How I moved 350,000 blogposts from Tumblr to WordPress
I had seven blogs on Tumblr which aggregate news. Using a technique I described earlier, they take RSS feeds from over 1,000 carefully selected websites and blogs, filter them, clean them up, and feed them into the different Tumblr blogs. I used the unique feature built into Tumblr to convert RSS feeds into posts. All automatically. Pretty neat. Until it stopped working…
Two months ago Tumblr’s autoimport feature started to hiccup. Tumblr support said “We are aware and working on it”, but could not give me any estimate when it would be fixed.
A month later, still nothing. So what to do? I rely on this Tumblr feature, for my blogs. In two years, those blogs collected 350,000 news articles. Quite a resource library which I did not want to give up.
So I decided to use the Christmas holidays to migrate these blogs from Tumblr onto WordPress, on my HostGator VPS server. It was an interesting process, involving many different techniques and debugging efforts:
1. How to export a Tumblr blog into WordPress
I pretty much described the process and the technique to export a Tumblr blog in an earlier post: Using Tumblr2WordPress, a neat PHP program by Ben Ward. It uses the Tumblr API to export blogposts, and to create an .XML file, which I could import into WordPress. An API that Tumblr disables every US afternoon and evening, by the way.
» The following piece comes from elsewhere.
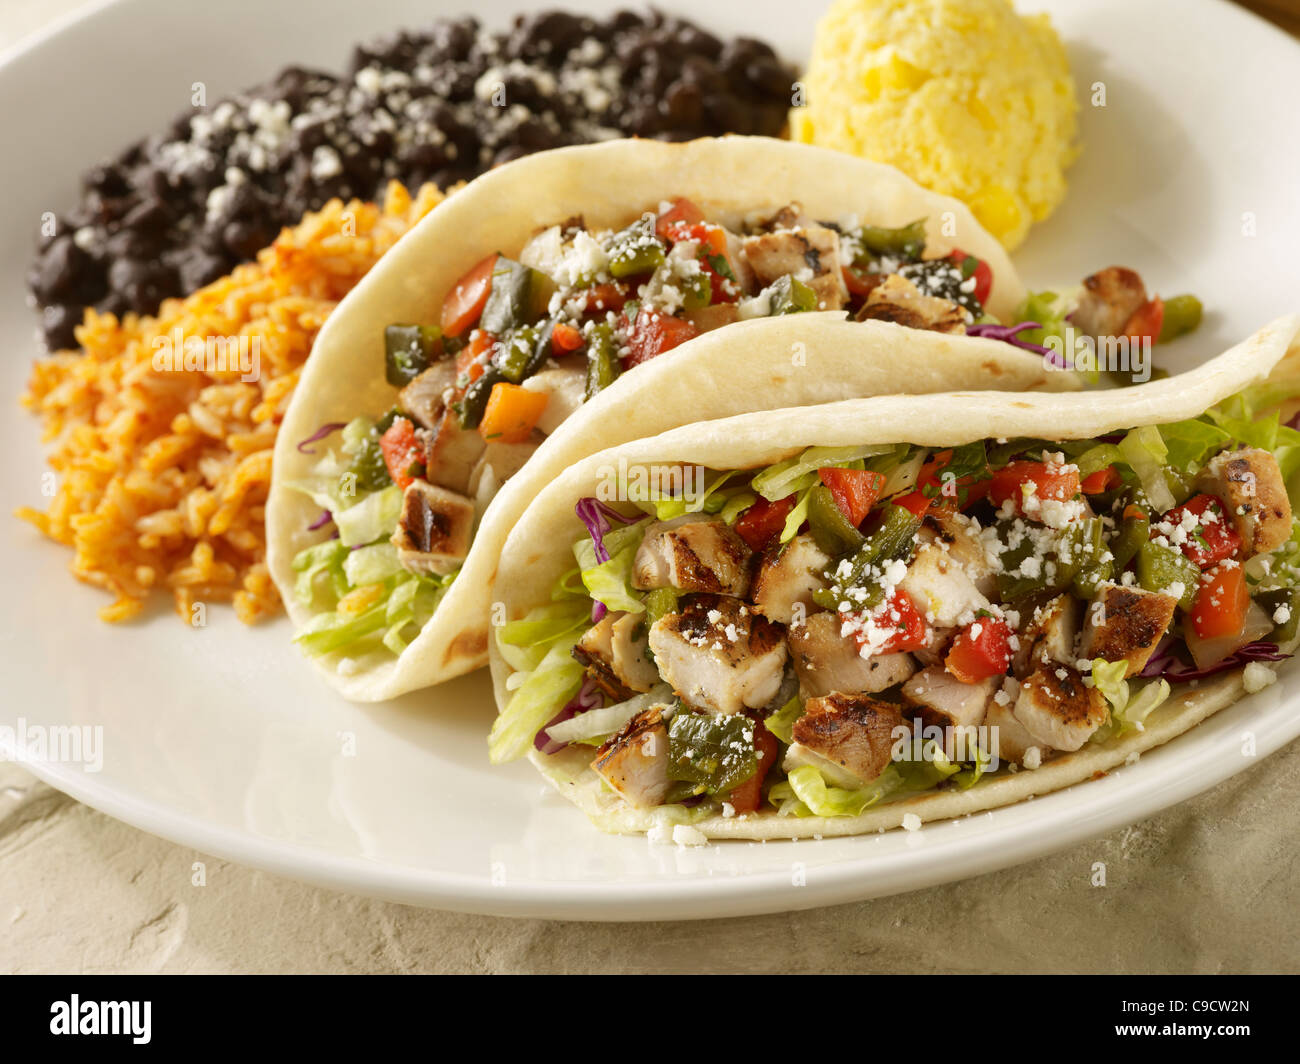 Grilled chicken tacos Stock Photo

While Ben’s program works well to export smaller Tumblr blogs, I had biiiiig blogs, so I had to adapt the PHP code. As the code is public domain and available on Github, I downloaded it and installed it on my server. I changed the PHP parameters to allocate a massive chunk of memory, and allow the export routine to run longer than a standard PHP program. Tip: change the parameters only for that routine, not for your whole server!
Update March 1, 2010:
Ben’s source code is still available, but the executable program is no longer available on the link I provided. You can still run Tumble to WordPress routines based on the same engine from Tumblr2WP or Tumble2WordPress – With thanks to Parneix and Aaron for the updates)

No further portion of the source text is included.